A Response to Reform Critics

On August 8, 2006, The New York Times published an opinion piece by Democrat Robert Bauer and Republican Jan Baran, both of whom long served as lawyers for their political parties, and also have represented other major players in the campaign finance arena.

In their Times piece, however, Bauer and Baran appear as bipartisan sages crossing party lines to agree that the nation’s campaign finance laws, enacted to prevent corruption and the appearance of corruption, are bad for the country and doomed to fail.

Their shared position should not be surprising. Capitol Hill is as polarized today as it has been in recent memory, but the one thing most Democratic and Republican party lawyers and operatives consistently agree on is that they do not like campaign finance laws. 

Bauer and Baran have spent decades advising their political parties and other big money clients about how to deal with the campaign finance laws. They have also been opposed to reforms proposed to address campaign finance scandals involving their clients, such as the corrupt soft money system, which ultimately turned into a $500 million national scandal and disgrace.

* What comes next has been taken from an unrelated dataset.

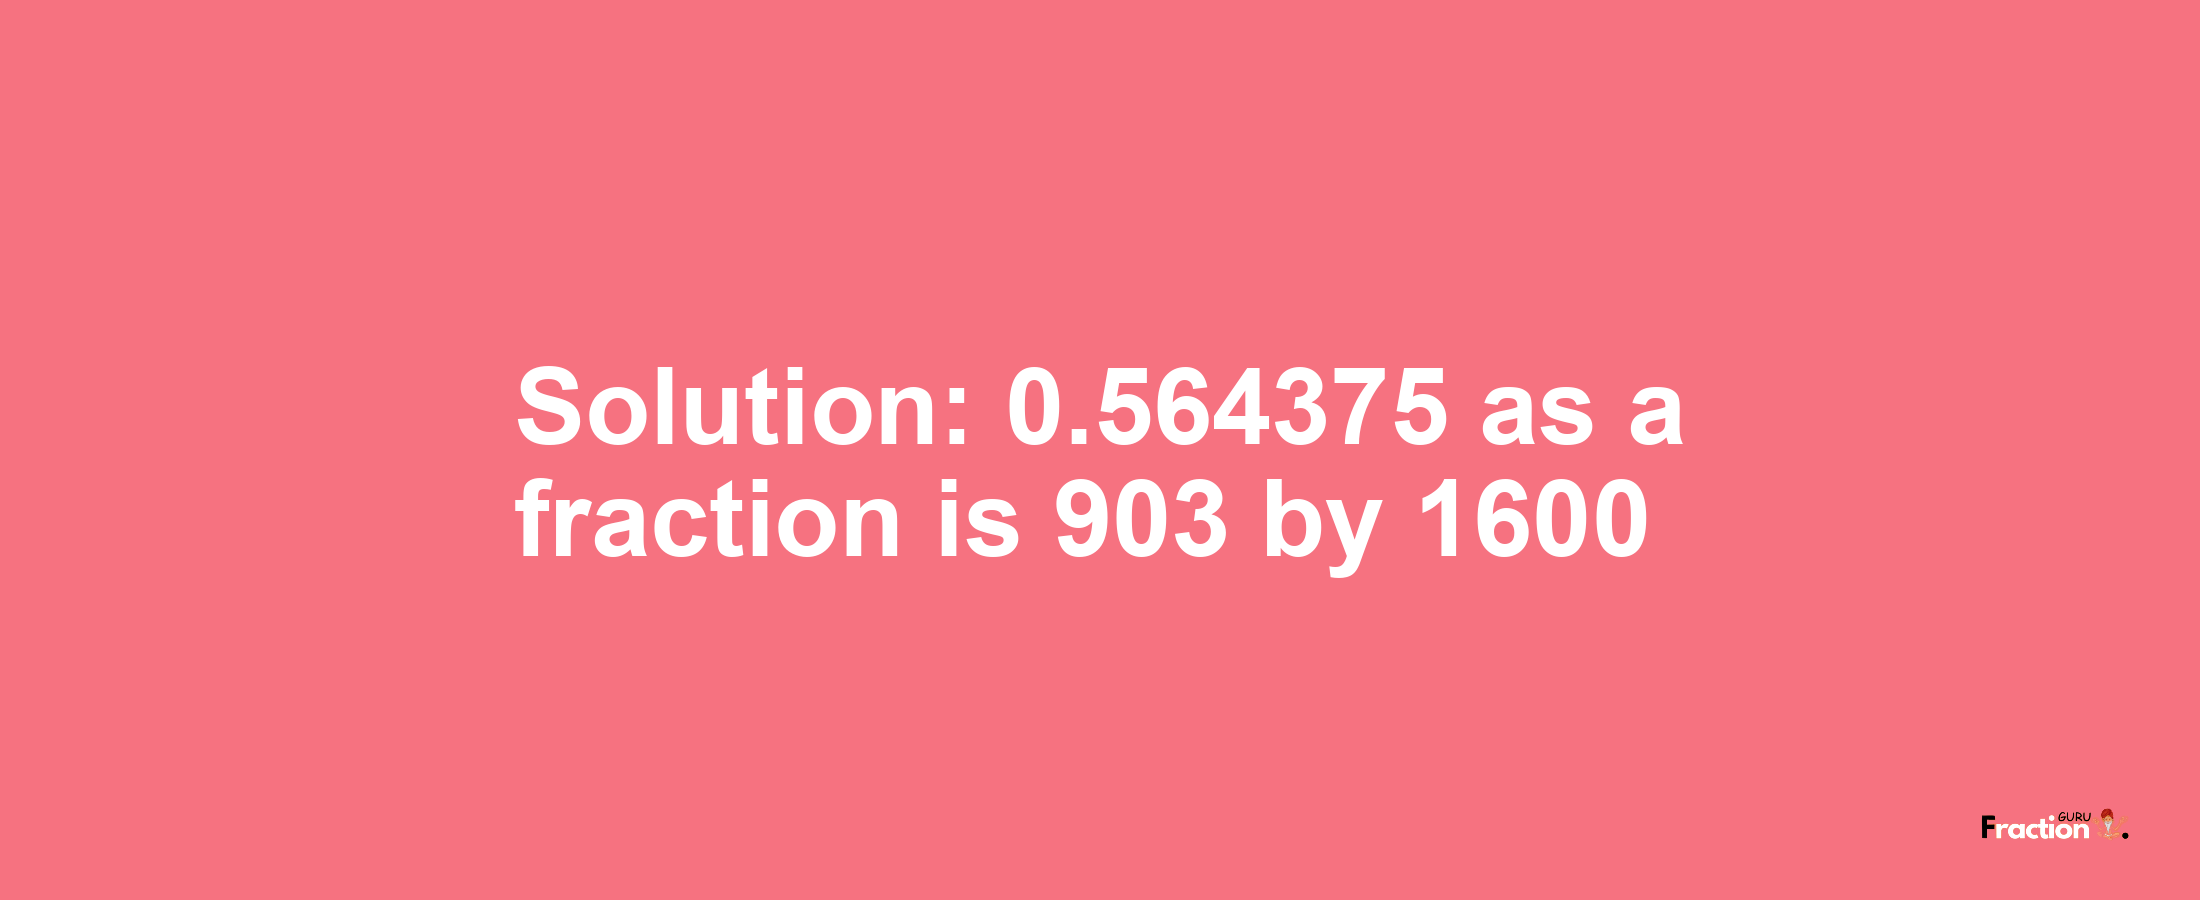 Solution:0.564375 as a fraction is 903/1600

Bauer and Baran were opposed to the reforms that were enacted in the Bipartisan Campaign Reform Act of 2002 (BCRA) to ban political party soft money and to curb the use of corporate and labor union funds to influence federal elections through sham “issue ads.” Baran then argued, unsuccessfully, in the landmark Supreme Court case, McConnell v. FEC, that the reforms were unconstitutional.

It should come as no surprise, therefore, that Bauer and Baran now profess in their role as bipartisan observers that these reforms are too complex and have failed to work. 

If Bauer and Baran could have had their way, we would be back to $100,000 and $250,000 and $1,000,000 soft money contributions from corporations, wealthy individuals and labor unions serving as the primary currency in Washington. Unlike Bauer and Baran, however, the American people, the Congress and the Supreme Court concluded that these huge contributions are corrupting and a dangerous threat to our democracy.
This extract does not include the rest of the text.